Deep Learning: Know what deep learning is and what it is used for. Remember the keyword convolution, as it refers to a type of deep learning network (convolutional networks), primarily used for computer vision and image recognition
GenAI: What is generative AI and what is it used for?
Transformer Models/Diffusion Models/Multi-Modal Models: These are types of GenAI models. There is a high likelihood that you will encounter questions regarding the properties of these models, so it's recommended to have a basic understanding of them. You likely won't need to go into detail about their inner workings.
Supervised vs. Unsupervised learning: Understand the difference between these two approaches and know when to use one over the other.
Reinforcement Learning (RL): How does it work, and what is it used for? Be familiar with some key use cases.
Machine learning model training and evaluation:
- Model fit: The exam covers some more technical topics, such as underfitting and overfitting. These concepts are essential when training a model. A model is considered to underfit if it does not perform well on the training data. Conversely, it is overfitting if it performs well on the training data but poorly on evaluation or real-world data.
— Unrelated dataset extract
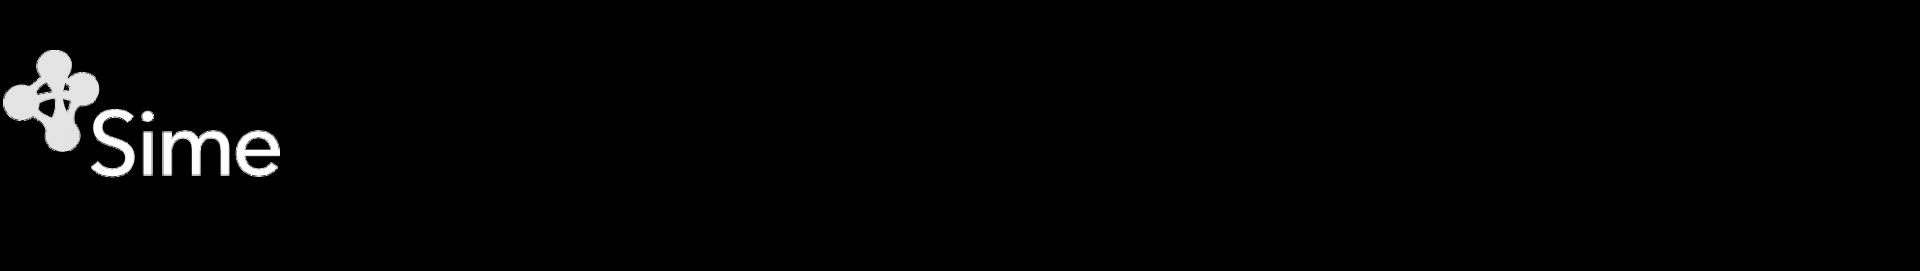 3a4c9d3e-936c-404d-8567-ea5c0beb2e50

If neither of these applies to your model, you can assume you have a balanced model.
- Bias and variance: Both of these refer to errors introduced by your model. A model is biased when it consistently makes the same error in its predictions, often due to erroneous assumptions during training. Variance, on the other hand, reflects a model's sensitivity to small fluctuations in the input data. For the exam, you should be able to identify whether a model is highly biased or has high variance. Additionally, you should understand how bias and variance relate to model fit. For example, a model with high variance will likely overfit, while a model with high bias will probably underfit.
- Model evaluation metrics: it is expected that you are familiar with concepts of how to evaluate a model. It is not required to know the math behind those concepts, but it expects you to know when you should use one metric versus another. These metrics are the following:
  - Metrics used for classification models:
    - Confusion Matrix: used to evaluate the performance of classification models. It is usually structured as a square matrix, where rows represent the actual classes, and columns represent the predicted classes.
    - Accuracy: measures the fraction of correct prediction.
    - Recall (or Sensitivity): measures the true positive rates of the predictions.
    - Precision: measures the correct positive rate.
    - Specificity: measures the true negative rate.
    - F1 score: combines precision and recall into a final score. Use it when both precision and recall are considered important for evaluating your model.
  - Metrics used for regression models: similar to the metrics from the classification models, you don't need to know the formulas and mathematics behind these metrics. What you should know for the exam is to recognize them and know if they can be used with a presented model or not:
    - MAE (Mean Absolute Error): measures the average magnitude of errors between the predicted values and the actual values.
    - MAPE (Mean Absolute Percentage Error): used to assess the accuracy of a predictive model by calculating the average percentage error between the predicted values and the actual values. MAPE expresses the error as a percentage.
    - RMSE (Root Mean Squared Error): measures the average magnitude of the error between the predicted values and the actual values, with a higher emphasis on larger errors.
    - R Squared: explains variance in our model. R2 close to 1 means predictions are good.
  - Metrics used to evaluate LLMs - the exam might ask you about evaluating the performance of a large language model. In this case, you would want to know about these:
    - Perplexity loss: measures how well the model can predict the next word in a sequence of text
    - Recall-Oriented Understudy for Gisting Evaluation (ROUGE): a set of metrics used in the field of natural language processing to evaluate the quality of machine-generated text.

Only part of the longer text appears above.